When most people think of Western movies, they probably imagine old-timey saloons, shootouts at high noon, and grizzled men with leathery skin. Yet a new Western by first-time filmmaker Nia DaCosta, Little Woods, is a gritty drama about sisters (Tessa Thompson and Lily James) surviving through harrowing circumstances in North Dakota. Produced primarily by women with DaCosta as the writer and director, Little Woods is a mesmerizing movie about complicated women, told by women, that changes the image of the traditional Western film.
"It just felt really inspiring and empowering," says James about her experience on set, speaking to Bustle during the film's Tribeca Film Festival premiere in April. "There was this sense of solidarity and bravery and the roles were so good, and it was so exciting to be doing it."
For James, best known for films like Baby Driver and Darkest Hour, the movie marked her first time working on an American indie with women leading the production.
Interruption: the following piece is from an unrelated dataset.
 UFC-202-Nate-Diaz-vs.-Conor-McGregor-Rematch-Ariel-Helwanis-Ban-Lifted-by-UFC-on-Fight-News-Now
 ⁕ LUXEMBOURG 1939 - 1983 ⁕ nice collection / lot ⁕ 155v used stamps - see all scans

And working with other women, particularly those of the same generation as her, was a freeing experience. “We could just talk about the characters in a way that was so open, and especially because we were all of a similar age, inducing the producers," explains James. "There was just this real honesty, and a sense that we share the same sort of perspective and experience. it just felt really easy and refreshing.”
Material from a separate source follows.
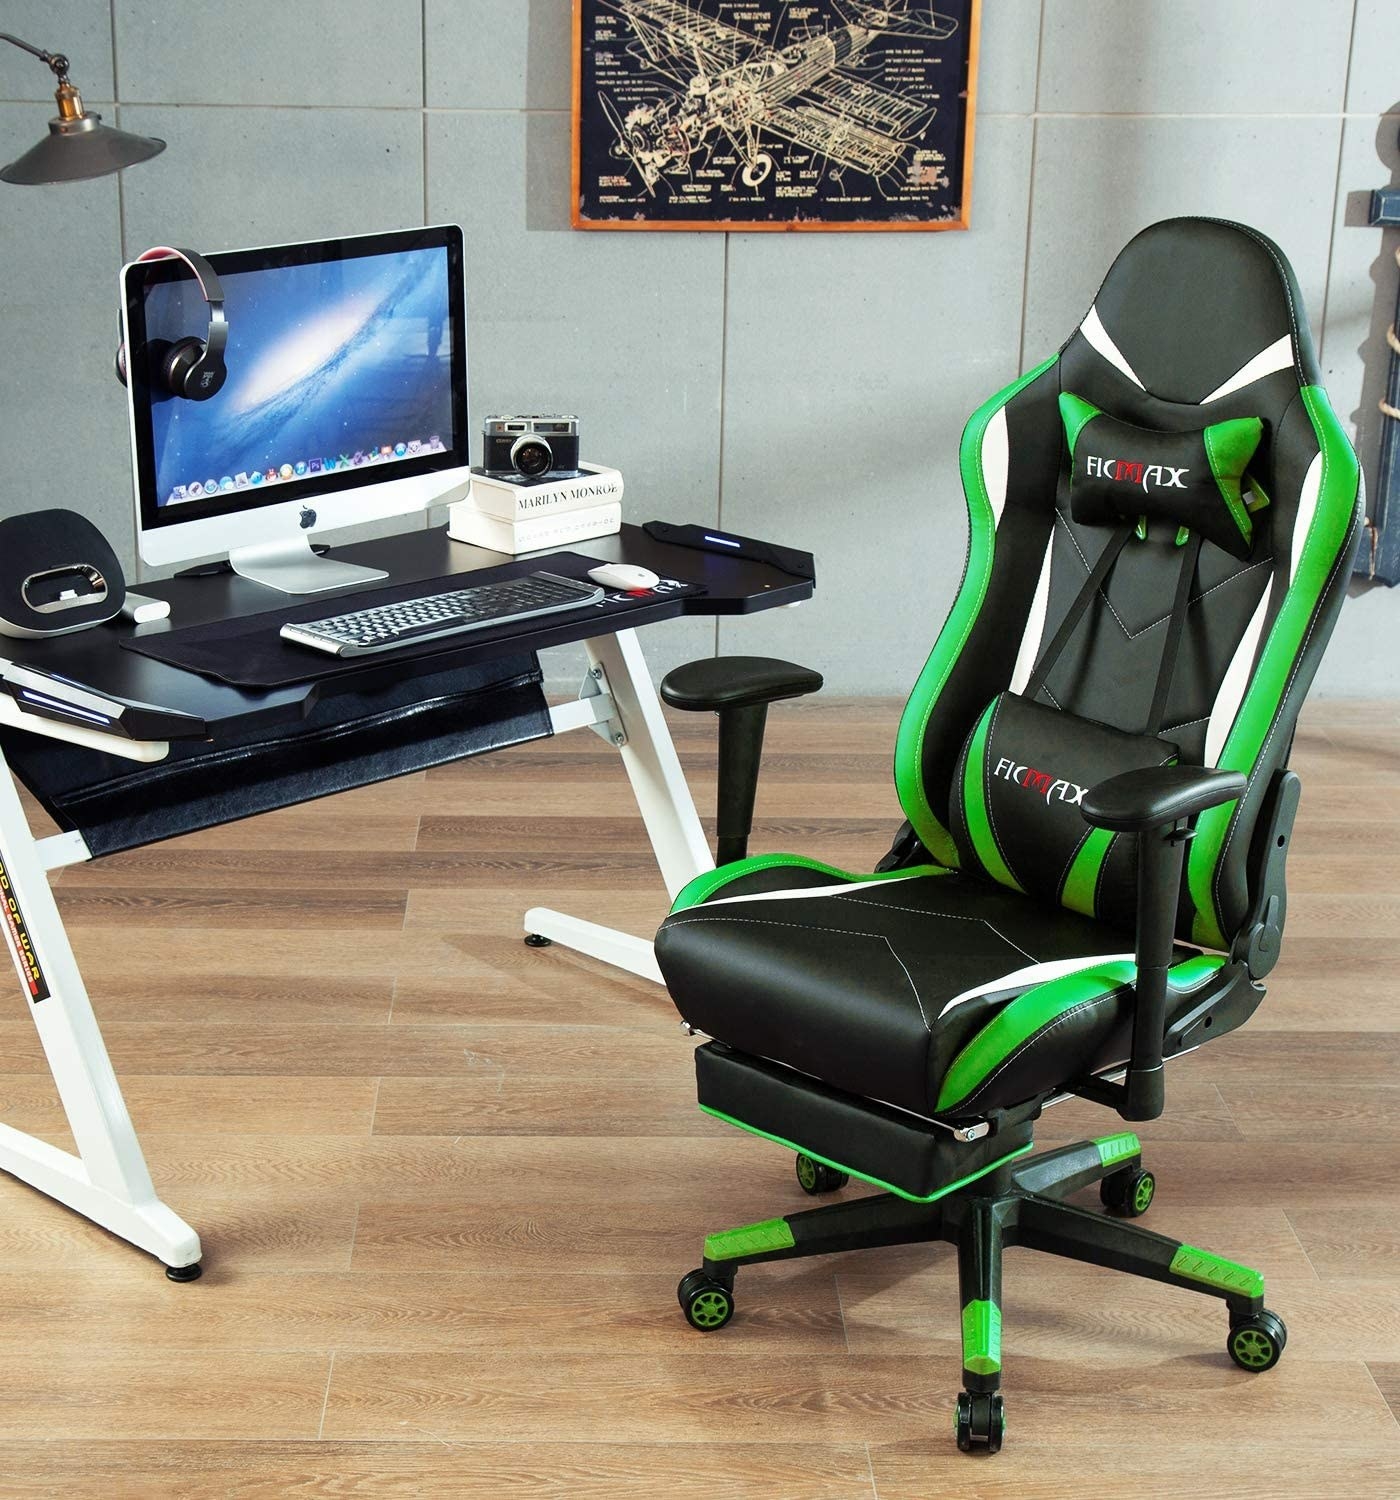 the supportive chair in a black and green design

In Little Woods, sisters Deb (James) and Ollie (Thompson) have a complicated relationship; they love each other but struggle to find common ground, dealing with feelings of resentment and the recent death of their mother. It's the sort of complex connection relatable to many women, but is rarely is shown on the big screen — and neither are the other topics the movie handles. In a classic Western twist, Ollie tries to help her family but ends up on the wrong side of the law, caught smuggling affordable drugs over the border from Canada — including medication for her dying mother. Though she wants to go straight, she is brought back into her line of work when uninsured Deb (James) discovers she is pregnant and cannot afford either to have a baby or travel nearly a hundred thousand miles for a legal, yet still pricey, American abortion.
Coming from Great Britain, James was initially surprised to learn about this all too real struggle many American women face in obtaining affordable reproductive care. “You're so stuck if you become pregnant and you can't afford to keep the baby,” the actor says now. “You don't have health insurance and you can’t afford to have an abortion. It leaves people completely stuck, and our film it shows how people have to make these really awful choices and break the law just to get by."
The subject matter of Little Woods is a lot darker than what many audience may expect from James, who rose to fame on Downton Abbey as the Crawley family's free-spirited cousin Lady Rose. "I wanted to do something different and I had been kind of waiting to do something a bit rawer and more totally modern," she explains. "I read the script, and thought it was so beautiful and poignant and about things that really matter.”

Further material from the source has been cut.